[Start of Attachment]

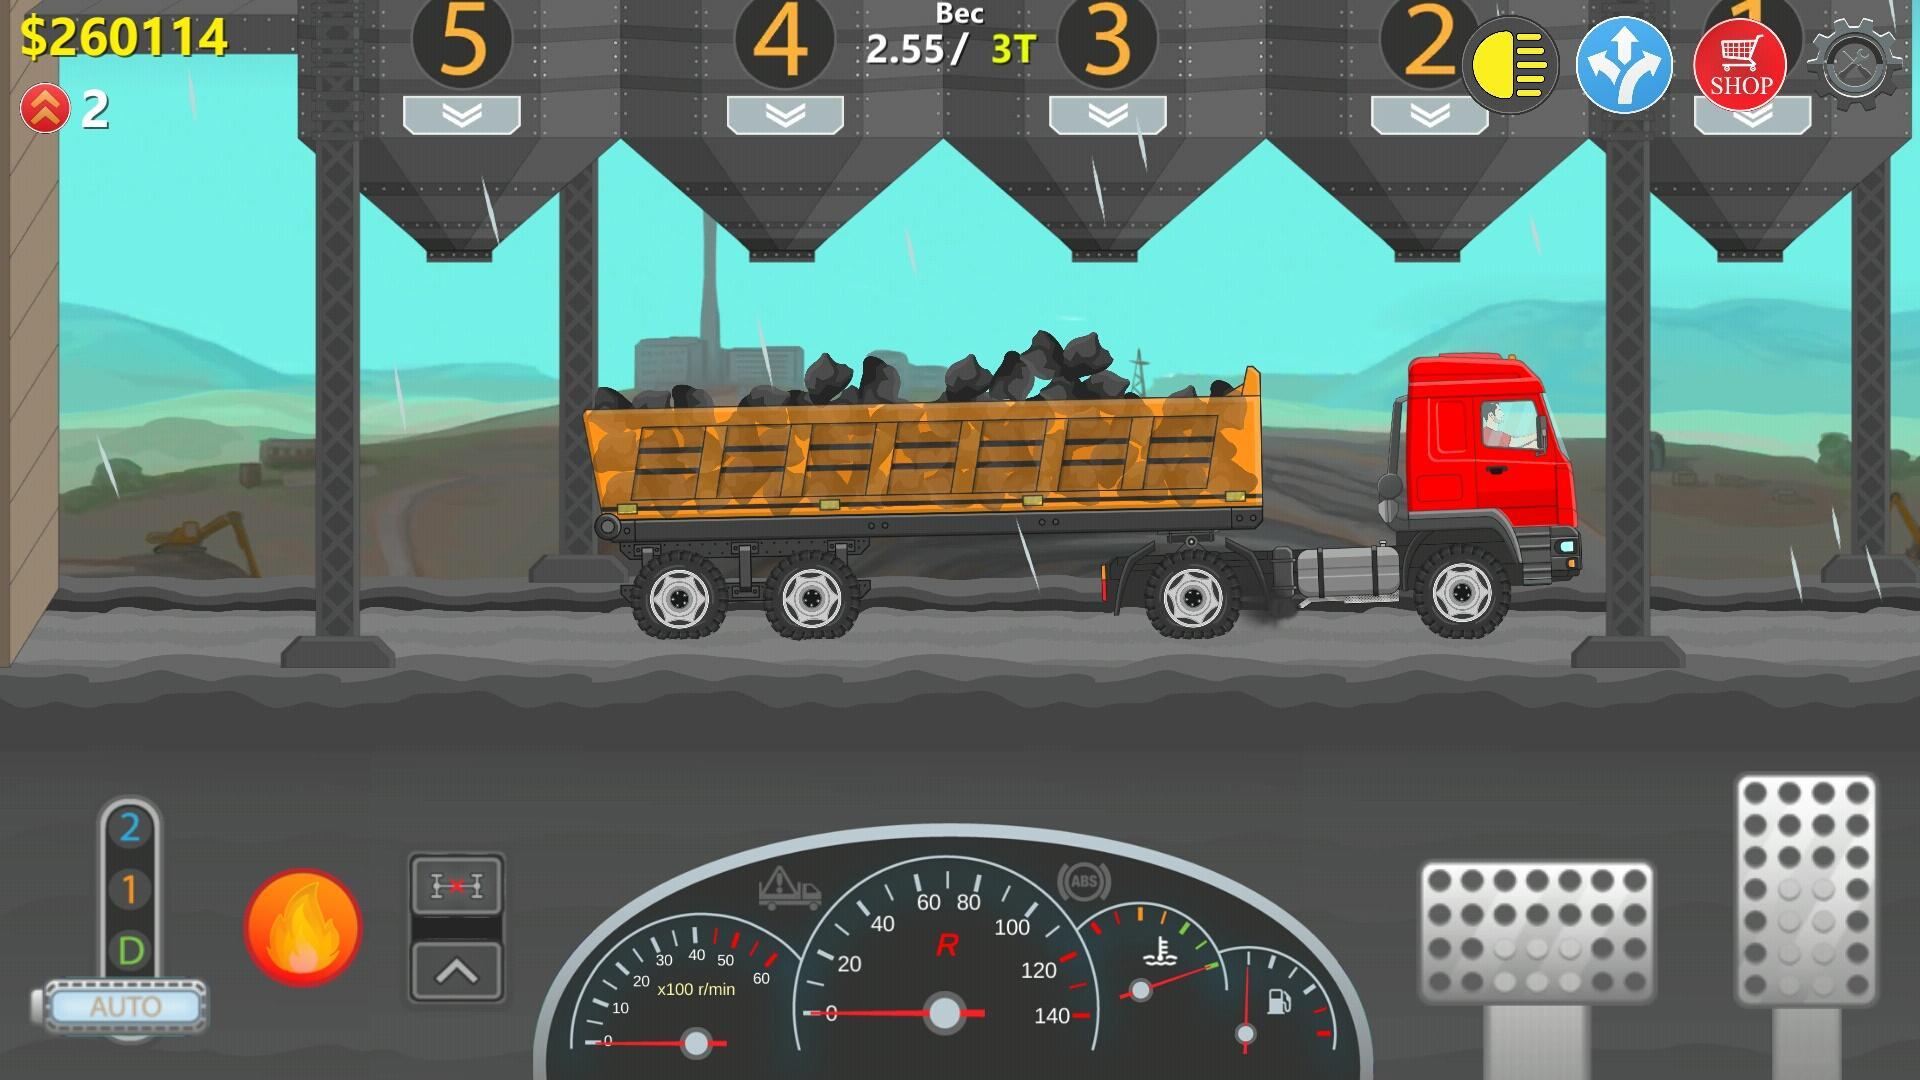 Взломки симуляторы мод много голды. Trucker real Wheels - Simulator. Дальнобойщики 2 d. Дальнобойщики 2d грузовик симулятор мод. Игры 2 d про дальнобойщиков на андроид.
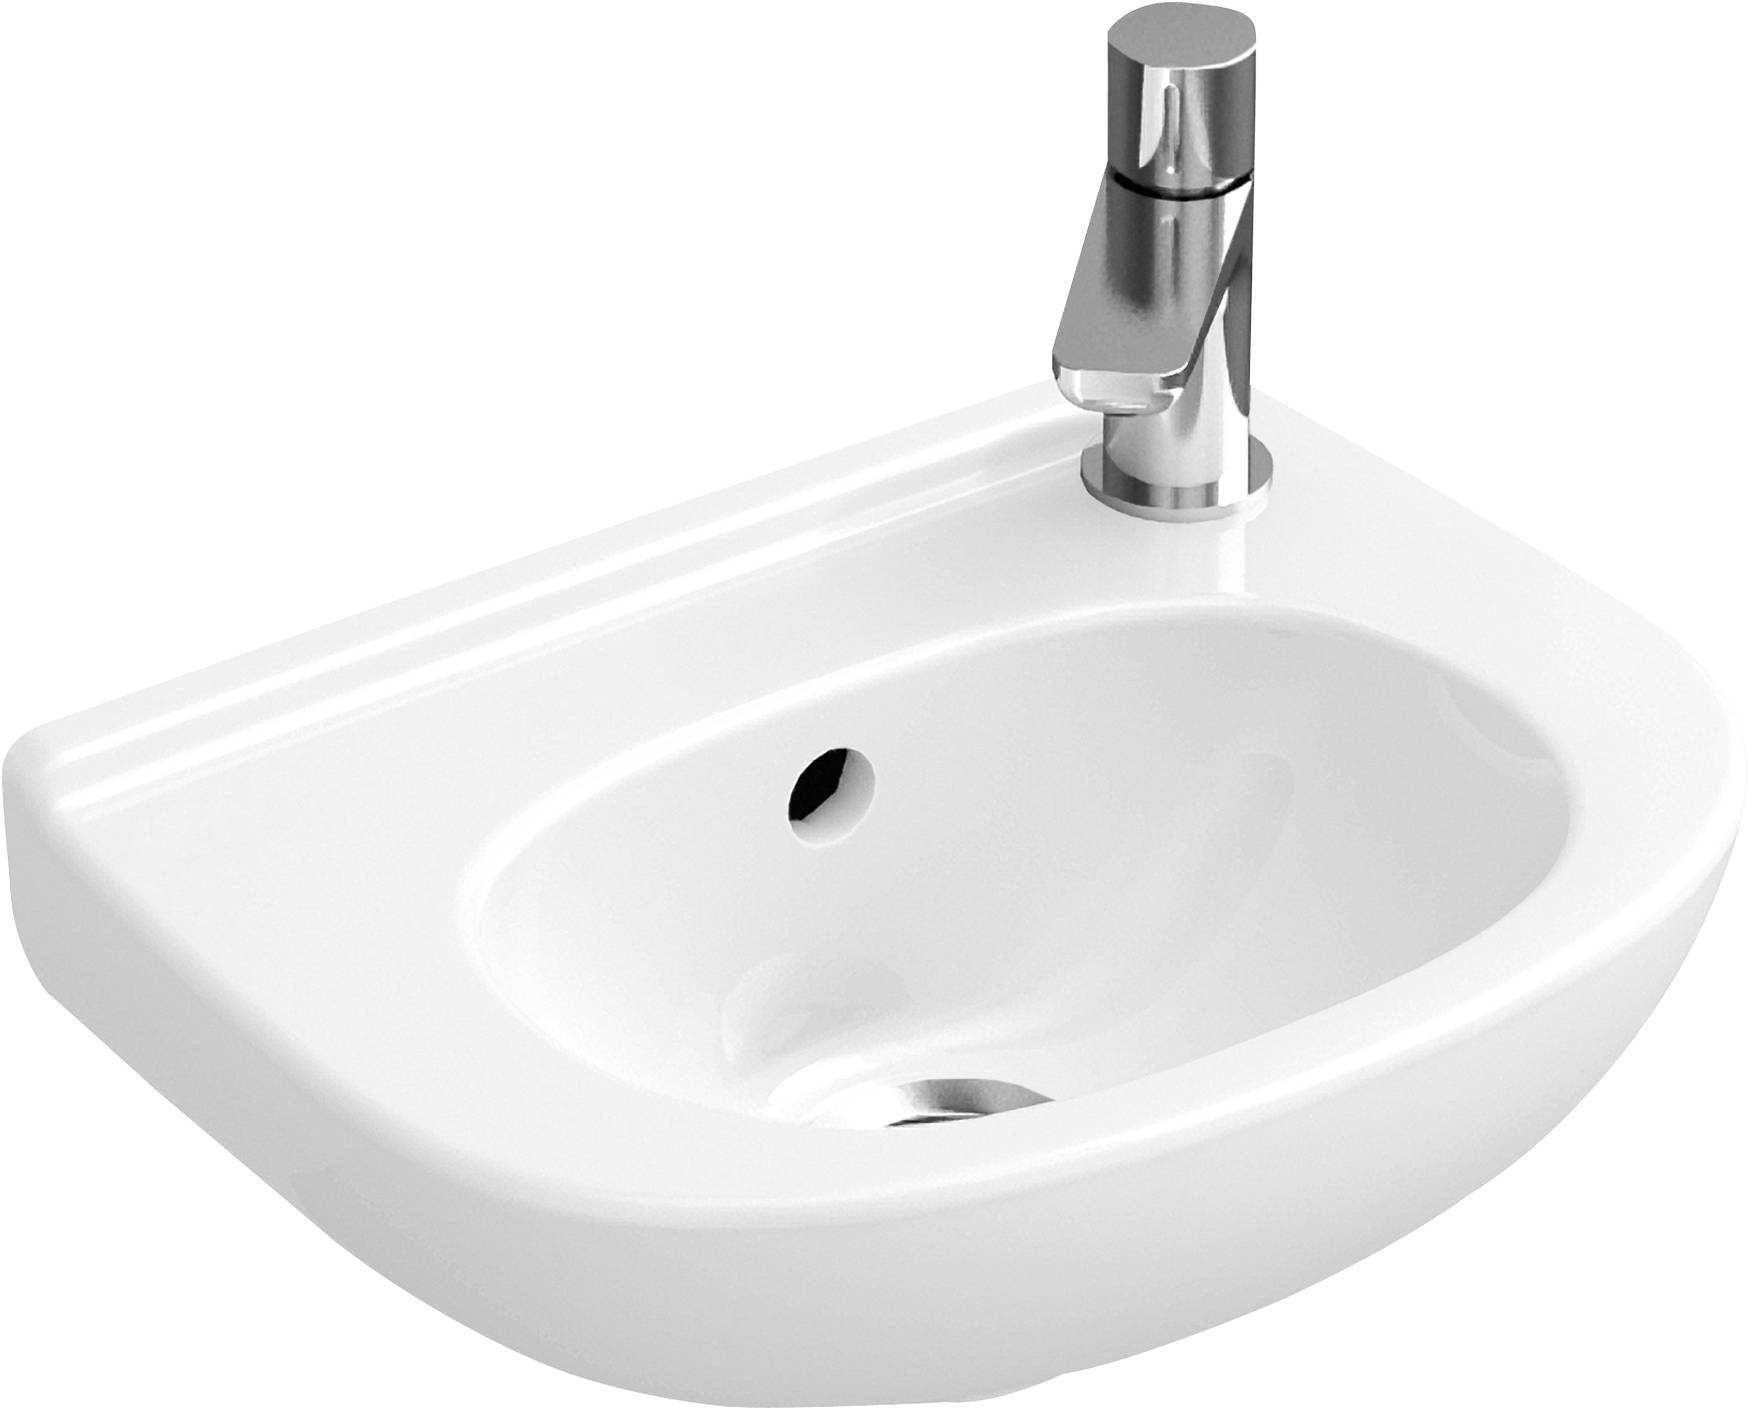 O.novo Handwashbasin Compact 536036
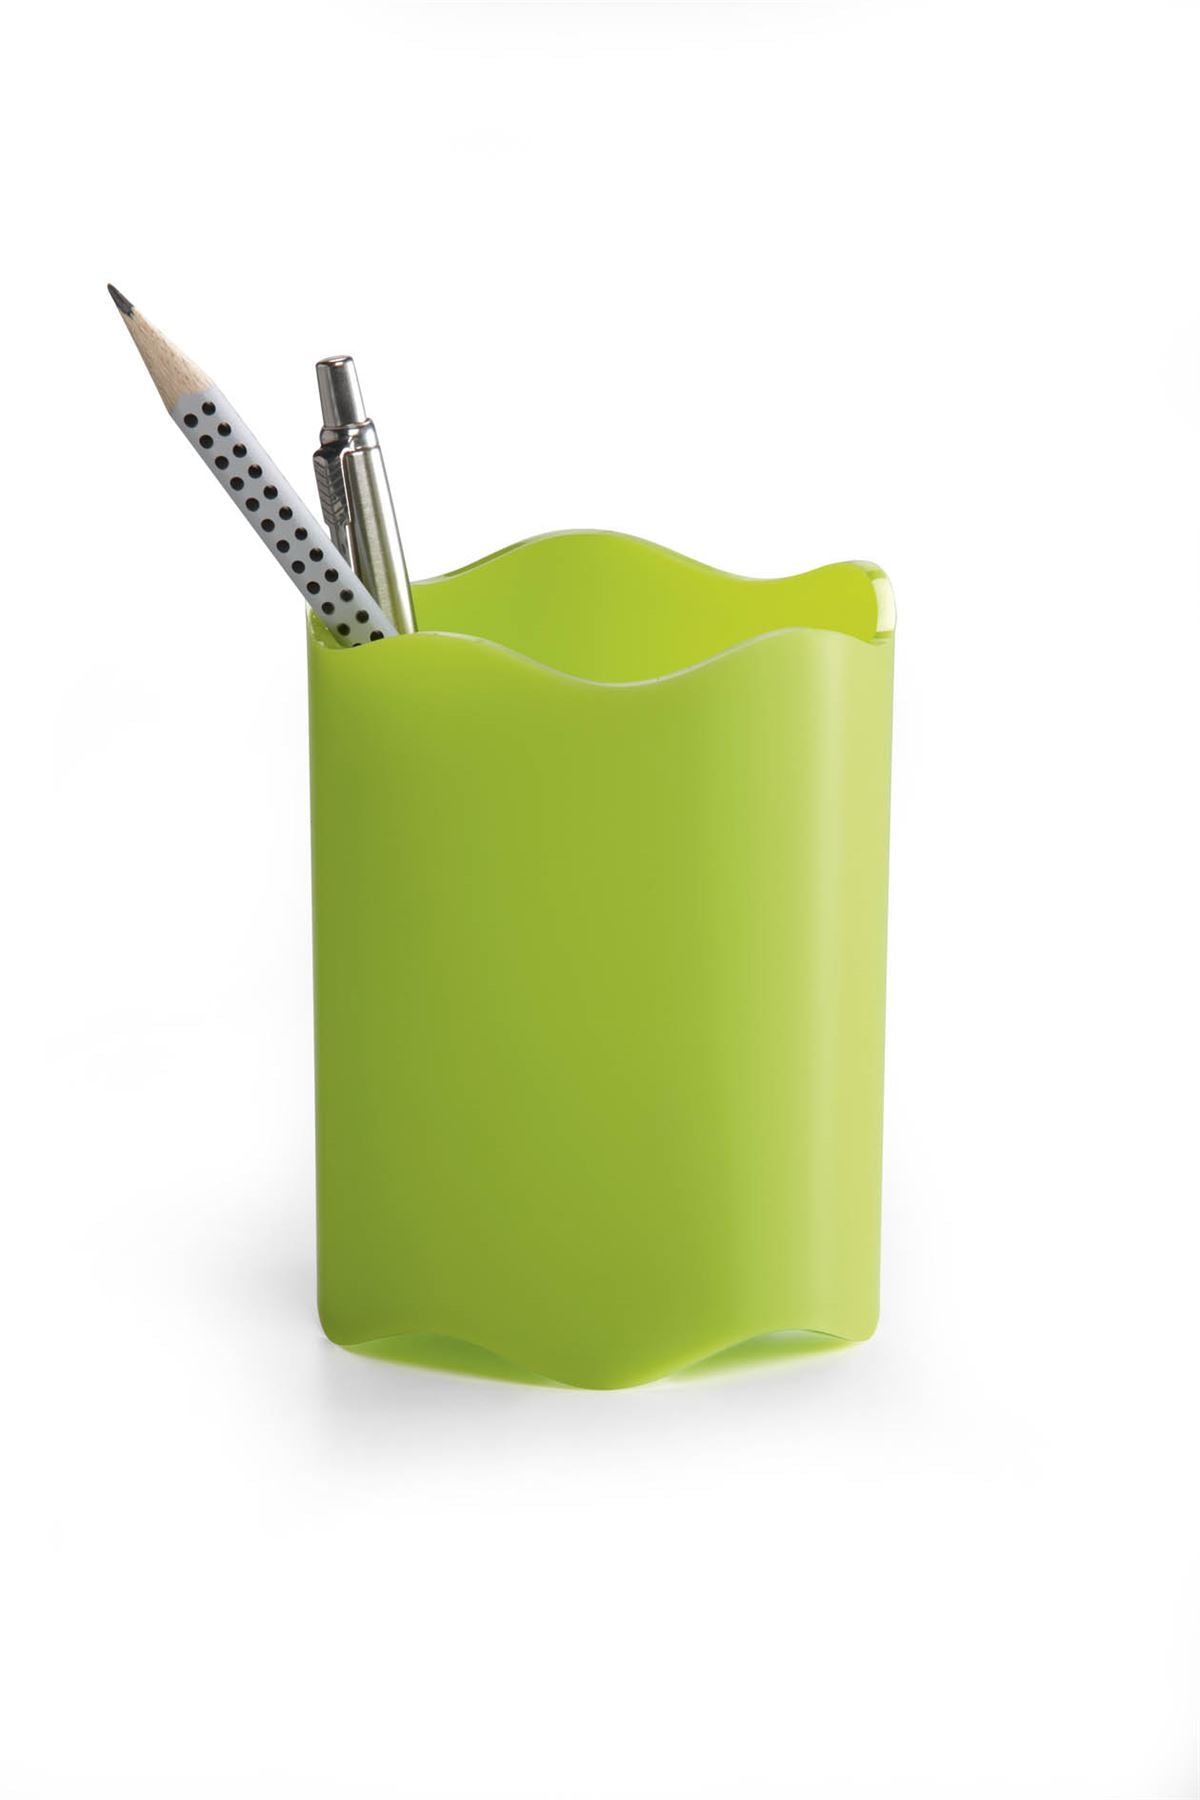 Durable TREND Pen Pot Pencil Holder Desk Tidy Organizer Cup | Green

[End of Attachment]

[What you will do]: What you return should match the material word for word, apart from the pictures.

[Solution for this task]:
 Взломки симуляторы мод много голды. Trucker real Wheels - Simulator. Дальнобойщики 2 d. Дальнобойщики 2d грузовик симулятор мод. Игры 2 d про дальнобойщиков на андроид.
 O.novo Handwashbasin Compact 536036
 Durable TREND Pen Pot Pencil Holder Desk Tidy Organizer Cup | Green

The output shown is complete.